Les différends européens et l’État de droit

Il existe des divergences au sein du navire européen, a-t-il admis. Celles-ci doivent être acceptées et résorbées par le dialogue, le Brexit ayant creusé « un fossé suffisamment profond ».

« Je pense qu’il ne serait pas judicieux de passer ces différences d’opinions sous silence. Nous ne pouvons résoudre les problèmes qu’à partir du moment où nous les admettons et en parlons franchement », a-t-il renchéri, ajoutant que cette réalité devrait être acceptée « sans contrariété et en tout sérénité ».

« Nous ne pouvons pas forcer quelqu’un à prendre des décisions qu’il ne souhaite pas prendre, car nous créons ainsi des failles. Le Brexit nous a suffi. Personne n’en souhaite d’autres. »

« Il est clair qu’à l’heure actuelle, les 27 États membres n’ont pas la même vision de ce que l’Europe devrait être ni de ce qu’elle est. […] La présence du Royaume-Uni dissimulait peut-être bon nombre de ces divergences d’opinions désormais affichées au grand jour en raison de son départ du bloc européen », a-t-il maintenu, mettant en exergue les différences de points de vue sur la migration ou la solidarité budgétaire.

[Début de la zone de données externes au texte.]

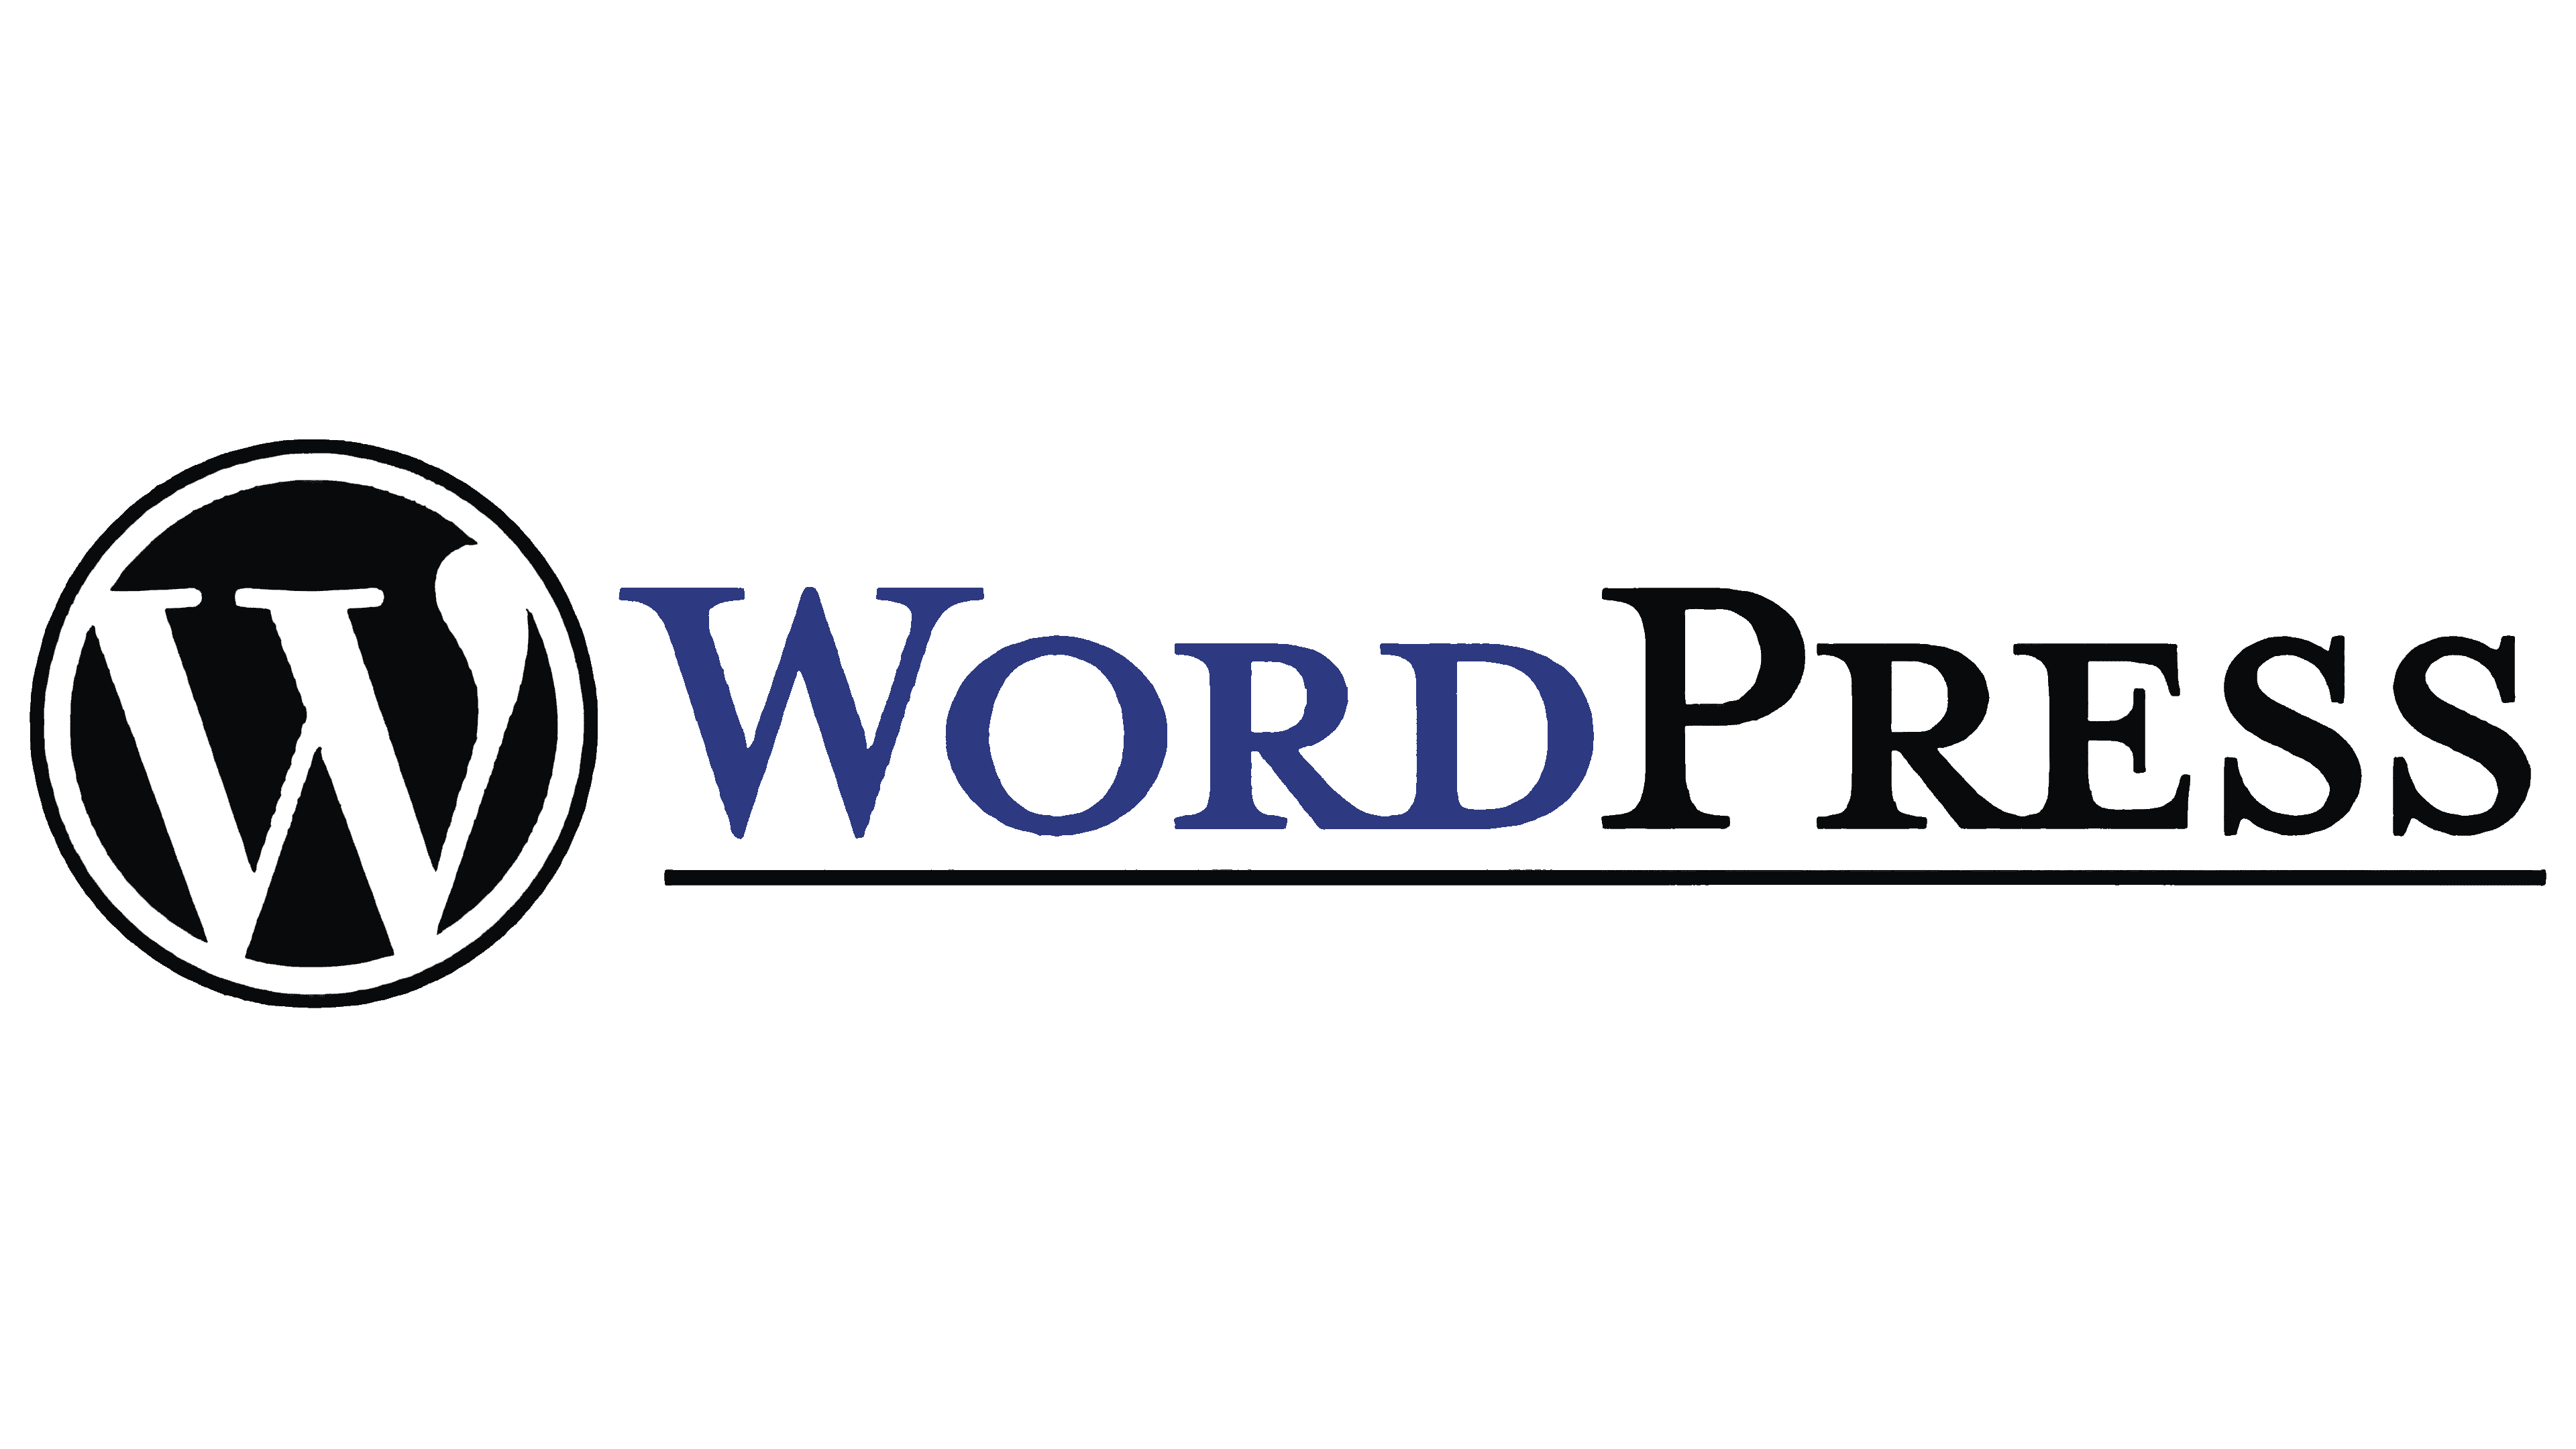 https://www.raindance.net.au/wp-content/uploads/2021/05/WordPress-Logo-2003-2008.png

En ce qui concerne les frictions liées au mécanisme d’État de droit, ayant poussé la Pologne et la Hongrie à imposer leur veto sur le budget septennal de l’UE et le plan de relance pour l’Europe, le Premier ministre portugais a déclaré qu’il s’agissait « d’une des lignes rouges à ne pas franchir, étant donné que le traité sur l’Union européenne est très clair [à ce propos] ».

Il s’agit d’un sujet particulièrement sensible au Portugal, « car ce ne sont pas l’euro ou le marché intérieur – inexistants à l’époque – qui ont poussé le pays à adhérer au bloc en 1986 […], mais les valeurs de liberté et de démocratie ».

« Lorsque l’unanimité est requise, il n’y a qu’une seule façon d’y parvenir : le compromis. Bien entendu, nous devons tenter de comprendre les points de vue de chacun et de faire comprendre aux autres nos points de vue, afin de trouver un terrain d’entente ».